Contractor Information Contractor Name First Coast Service Options, Inc.

 

Contractor Number 09102

 

Contractor Type MAC - Part B

 

LCD Information

Document Information

 

LCD ID Number L31461

 

LCD Title Autonomic Function Tests

 

Contractor's Determination Number 95921

 

Primary Geographic Jurisdiction Florida

 

Oversight Region Region IV

 

 

AMA CPT/ADA CDT Copyright Statement

 

CPT only copyright 2002-2011 American Medical Association. All Rights Reserved. CPT is a registered trademark of the American Medical Association.

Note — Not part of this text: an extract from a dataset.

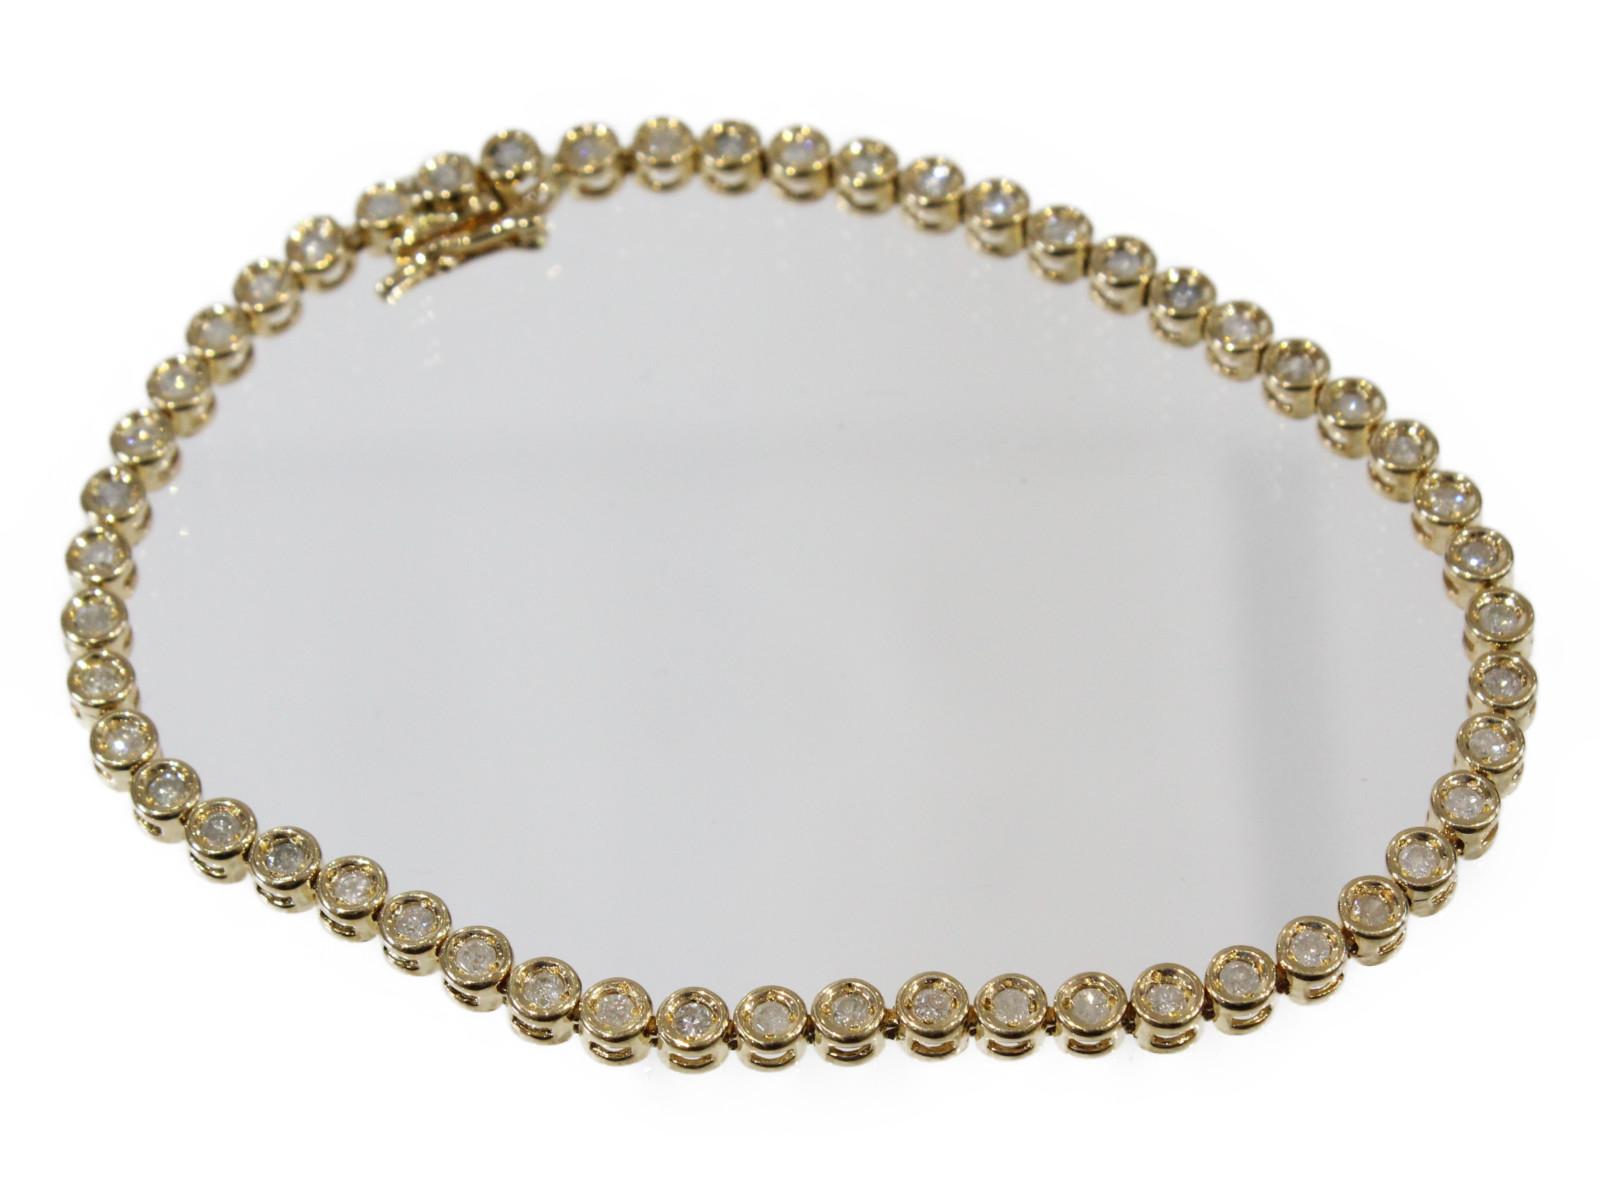 【☆新品仕上げ済☆】テニスブレスレットダイヤモンド1.23ct K1810.3g 18cm ゴージャス 人気ギフト包装可 【中古】
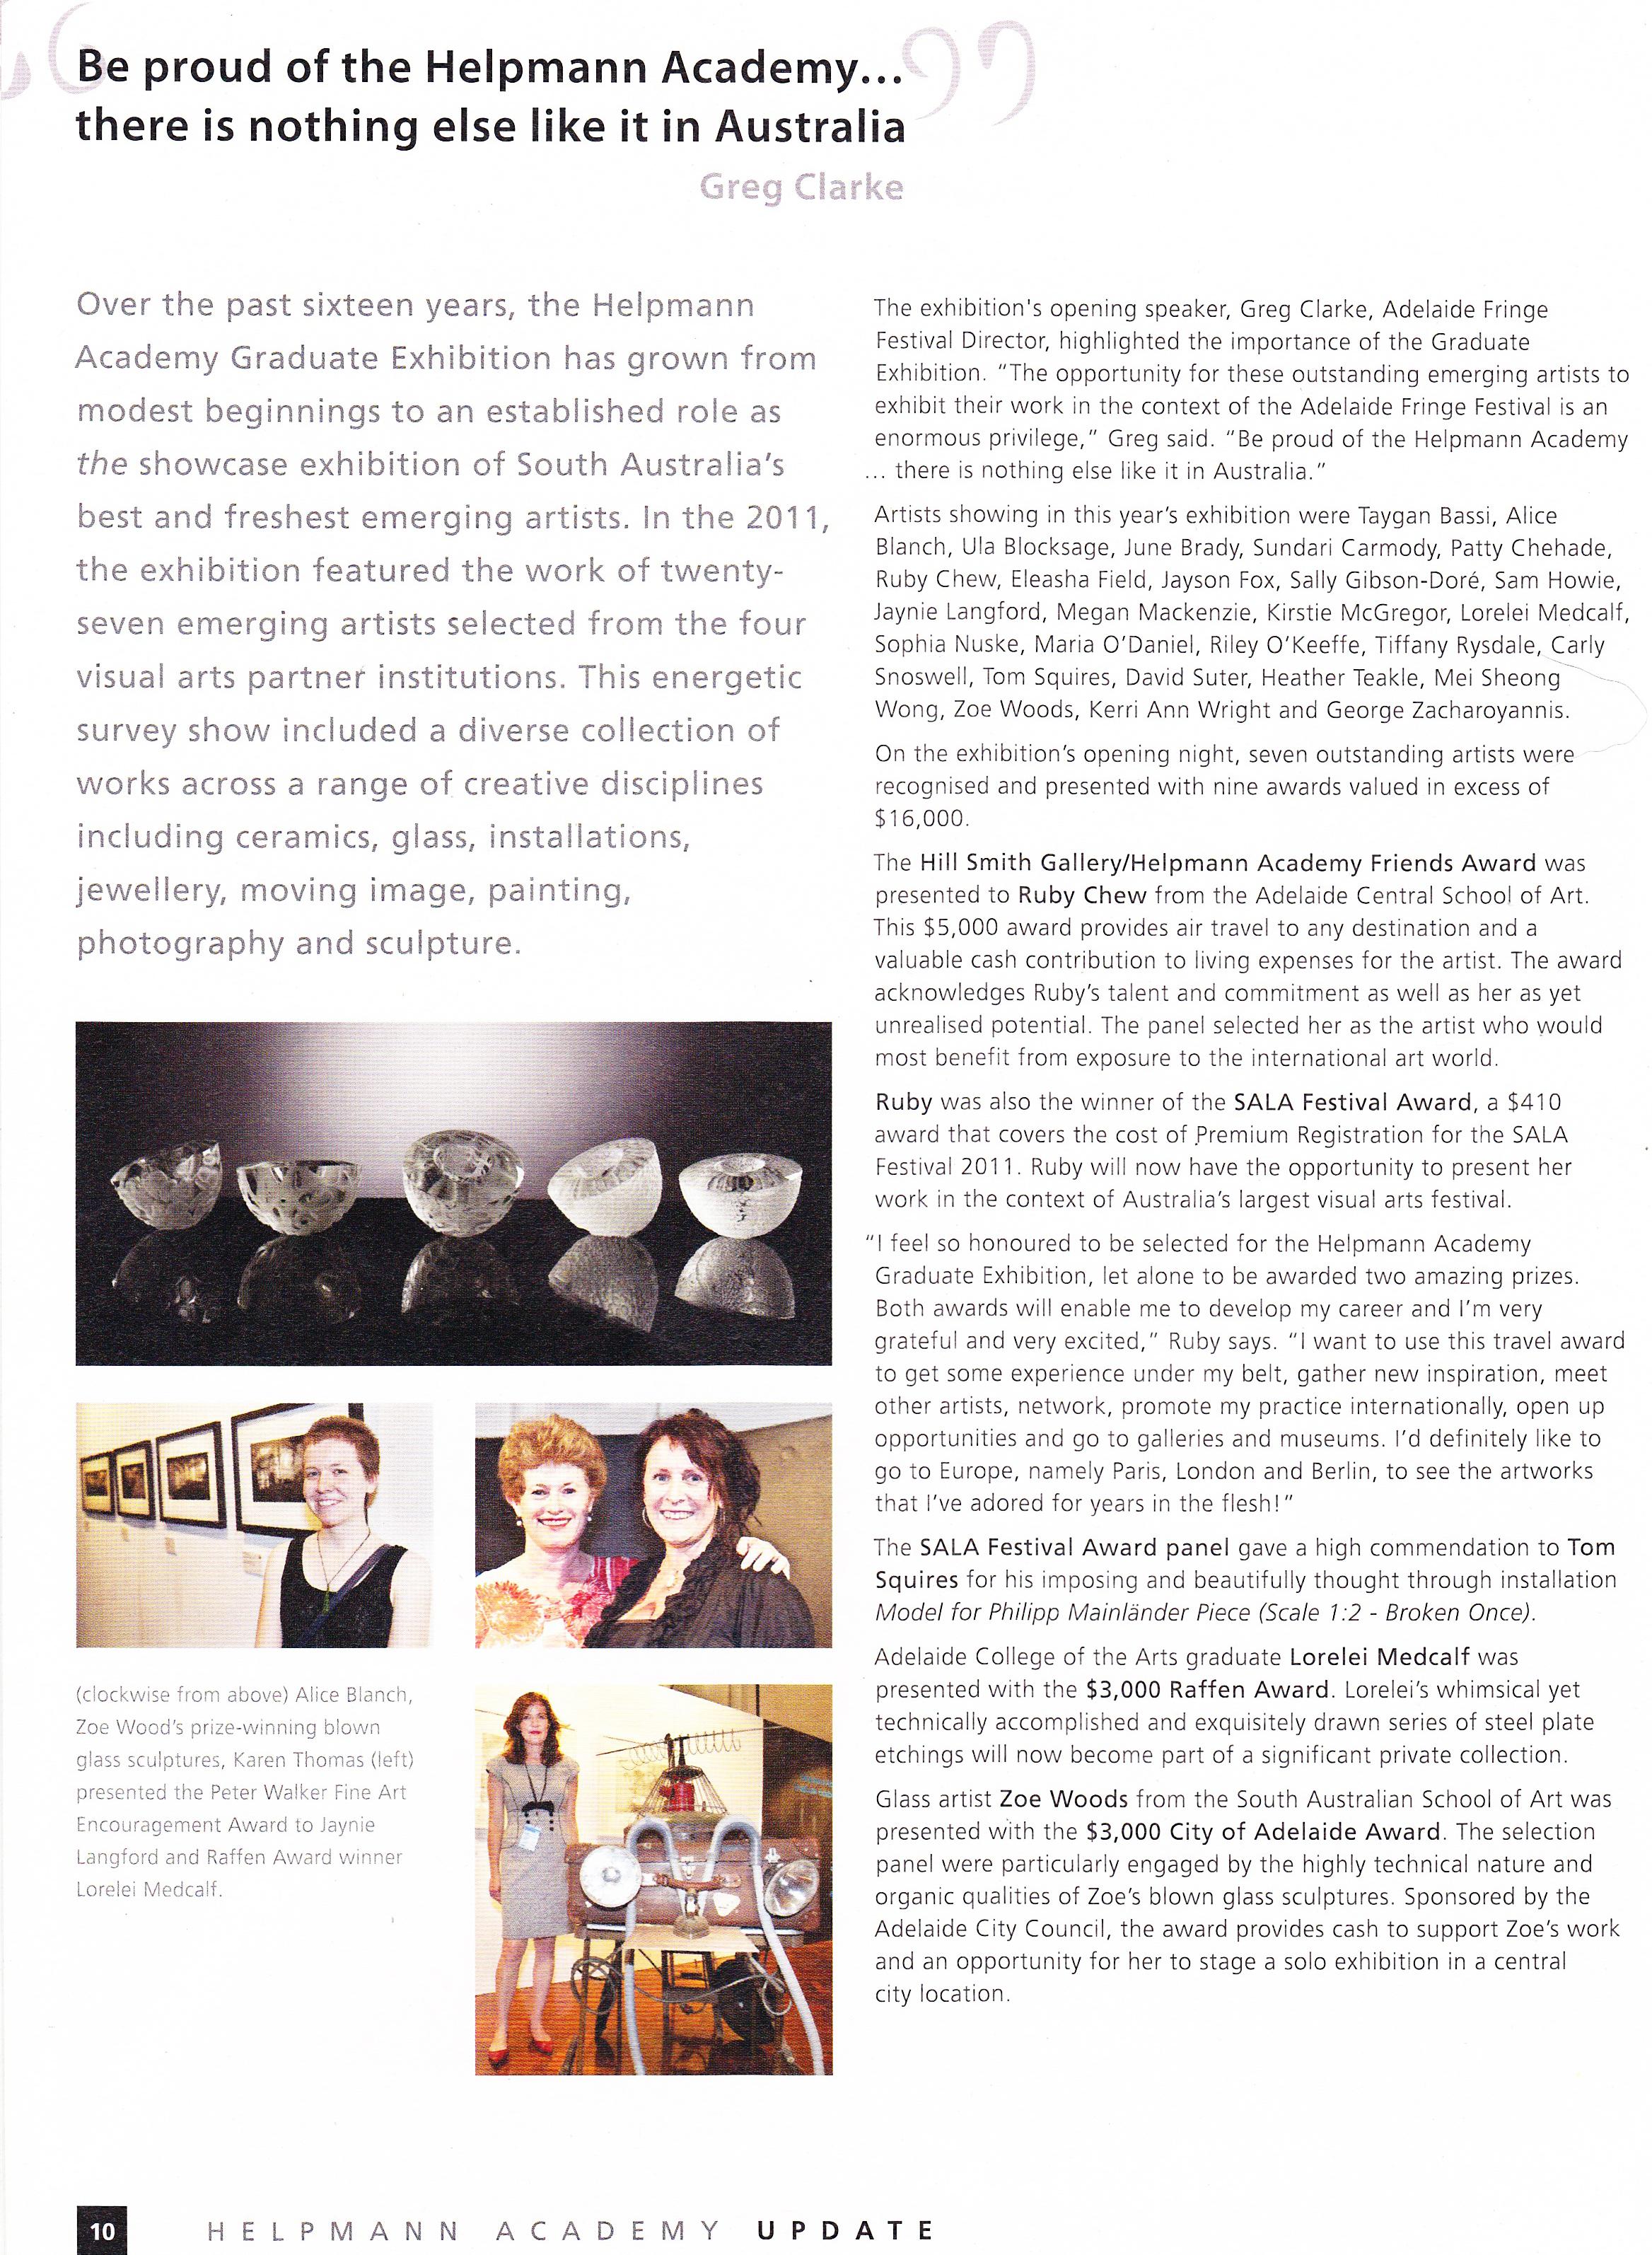 Helpmann Academy Graduate Exhibition   ,   Helpmann Academy Update Arts Magazine, May 2011

Applicable FARS/DFARS Apply to Government Use. Fee schedules, relative value units, conversion factors and/or related components are not assigned by the AMA, are not part of CPT, and the AMA is not recommending their use. The AMA does not directly or indirectly practice medicine or dispense medical services. The AMA assumes no liability for data contained or not contained herein. The Code on Dental Procedures and Nomenclature (Code) is published in Current Dental Terminology (CDT). Copyright © American Dental Association. All rights reserved. CDT and CDT-2010 are trademarks of the American Dental Association.

 

 

Original Determination Effective Date

For services performed on or after 01/23/2011 Original Determination Ending Date

 

Revision Effective Date

For services performed on or after 06/14/2011 Revision Ending Date

 

 

CMS National Coverage Policy

 

Language quoted from CMS National Coverage Determination (NCDs) and coverage provisions in interpretive manuals are italicized throughout the Local Coverage Determination (LCD). NCDs and coverage provisions in interpretive manuals are not subject to the LCD Review Process (42 CFR 405.860[b] and 42 CFR 426 [Subpart D]). In addition, an administrative law judge may not review an NCD. See §1869(f)(1)(A)(i) of the Social Security Act.

 

Unless otherwise specified, italicized text represent quotation from one or more of the following CMS sources: CMS Manual System, Pub. 100-02, Medicare Benefit Policy, Chapter 15, Section 80.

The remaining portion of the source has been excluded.